Écrivain, Administrateur de la Chaire des littératures et Arts africains à l’Académie du Royaume du Maroc, à Rabat, professeur de diplomatie culturelle à l’université Lansana Conté, à Conakry, il explique la Genèse du projet d’écriture et l’exergue de son nouveau roman. Passionnant !
Votre étourdissant roman, Zam-Zam (Gallimard, 2025), sortira le 6 mars prochain. Comment est née l’idée de cette nouvelle production littéraire dont le titre évoque, au Cameroun comme dans d’autres pays d’Afrique, un personnage un peu dérangé, voire fêlé ou zinzin ?
Eugène Ebodé : Attention, ce titre évoque aussi une source miraculeuse. La Genèse d’un livre n’est pas facile à résumer. Quatre raisons, parmi les plus importantes qui me viennent à l’esprit, ont motivé l’écriture de ce roman : 1°) Il me tenait à cœur d’aborder une question qui n’a eu de cesse de me tarauder : Qu’est-ce qui, de la politique ou de la création artistique, est essentiel à nos vies ? Tel est le thème principal qui parcourt cet ouvrage et derrière lequel s’élancent d’autres interrogations auxquelles je propose des réponses. 2°) Je voulais aussi aborder différemment deux sujets classiques en littérature : la tradition et la modernité. Je le fais ici sous un angle institutionnel. D’où l’histoire qui se déroule dans un sultanat, lequel est lui-même inséré dans une République. Le lecteur camerounais et africain comprendra et ne trouvera pas ce cadre institutionnel bizarre ou anachronique. 3°) Il me tardait également de traiter le personnage du fou et de son double. Le lecteur verra lui-même comment j’ai mis en route ces trois questions et les ressorts techniques qui rythment la narration. Il ne m’appartient pas de tout énumérer et de tout expliquer, car la poésie ne se barricade pas dans un enclos conceptuel. Elle invite à l’évasion et au grand air. J’espère que le lecteur le respirera à pleins poumons. Les réactions de vos lecteurs nous diront si j’ai réussi à conduire le récit en apportant des réponses crédibles aux trois points ci-dessus ou si je me suis fourvoyé. 4°) Enfin, parce que le monde littéraire commémorait le 225ᵉ anniversaire de la naissance de Pouchkine, il m’a semblé utile de lui rendre hommage en recourant au genre poétique. Je l’ai aussi adopté pour contester la marginalisation qui frappe cet art majeur.
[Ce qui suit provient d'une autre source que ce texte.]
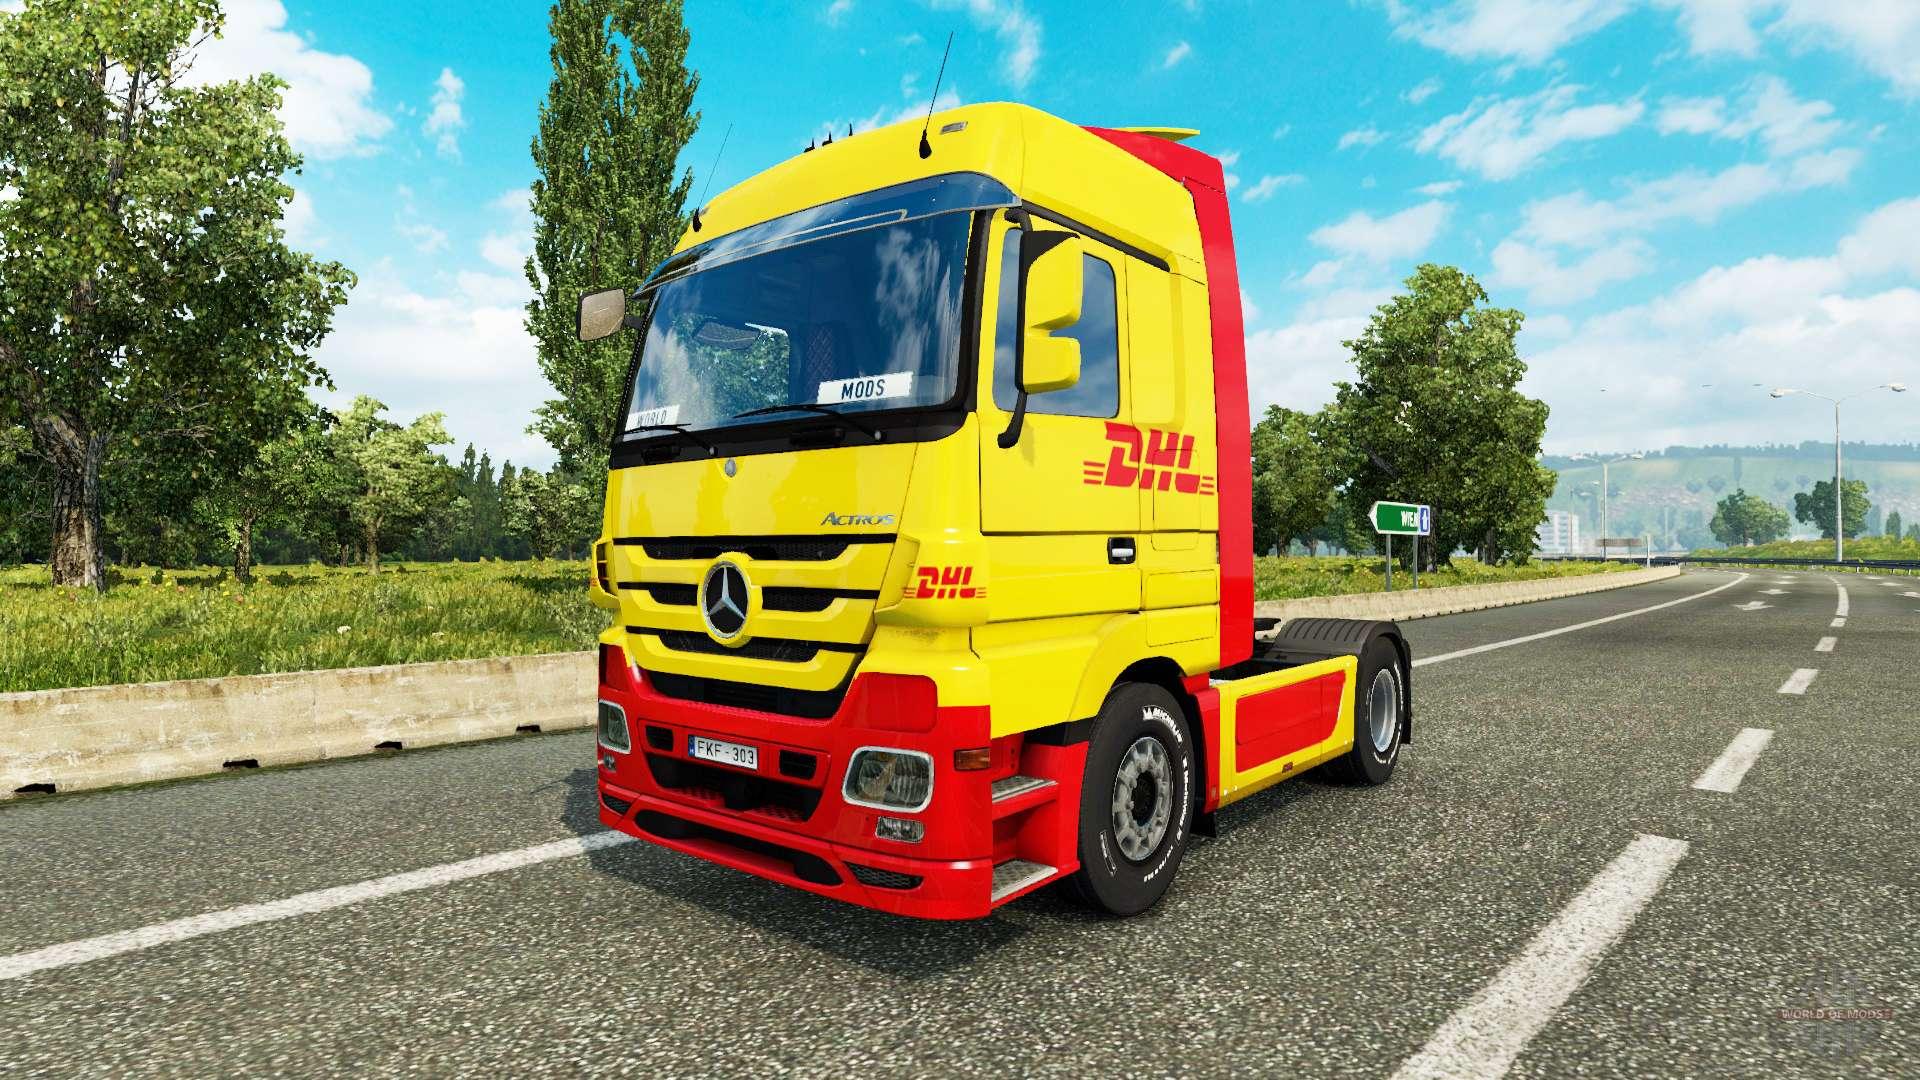 Pele dhl para trator mercedes benz para euro truck simulator 2 for Mercedes benz euro

L’exergue de votre roman est en effet un magnifique autoportrait du jeune lycéen Alexandre Pouchkine qui, à 15 ans, dans le cadre d’un devoir de rédaction en français, au lycée impérial Tsarskoïe Selo à Saint-Pétersbourg, en Russie, se présente auprès de ceux qui ne le connaissent pas. Qu’est-ce qui vous a plu dans ce texte ?
Eugène Ebodé : La virtuosité, la langue, la puissance de l’art et l’espièglerie. Vous l’avez dit, Pouchkine réalise à 15 ans un impressionnant autoportrait, drôle, malicieux, spirituel et ironique. L’historien Dieudonné Gnammankou, qui a consacré une étude novatrice et déterminante sur les origines camerounaises de l’aïeul noir de Pouchkine, son arrière-grand-père Abraham Hanibal, est à saluer, car c’est son ouvrage sur Pouchkine et le monde noir, publié en 1999, qui m’a fait connaître ce poème.
Zam-Zam est aussi une histoire politique et une histoire d’amour, non ?
Eugène Ebodé : Ou une fable sur l’amour de l’histoire et de la politique. Les deux peuvent être compatibles. Vos lecteurs nous éclaireront peut-être sur ce point, du moins ceux qui viendront au salon du livre africain de Paris. Ils verront probablement aussi que le personnage le plus important de ce livre est Onisha, la princesse Tikar qui vouait un culte au poète Nosidor Guilamba enterré au Nigéria. C’est une manière de raconter Shéhérazade revenue des Mille et Une Nuits ! Quant au Sultan Bokito, il est tout l’inverse du terrible sultan sassanide Shahriar qui ne pensait qu’à trucider. Or, il faut poétiser nos existences au lieu de les charcuter ou les tournebouler.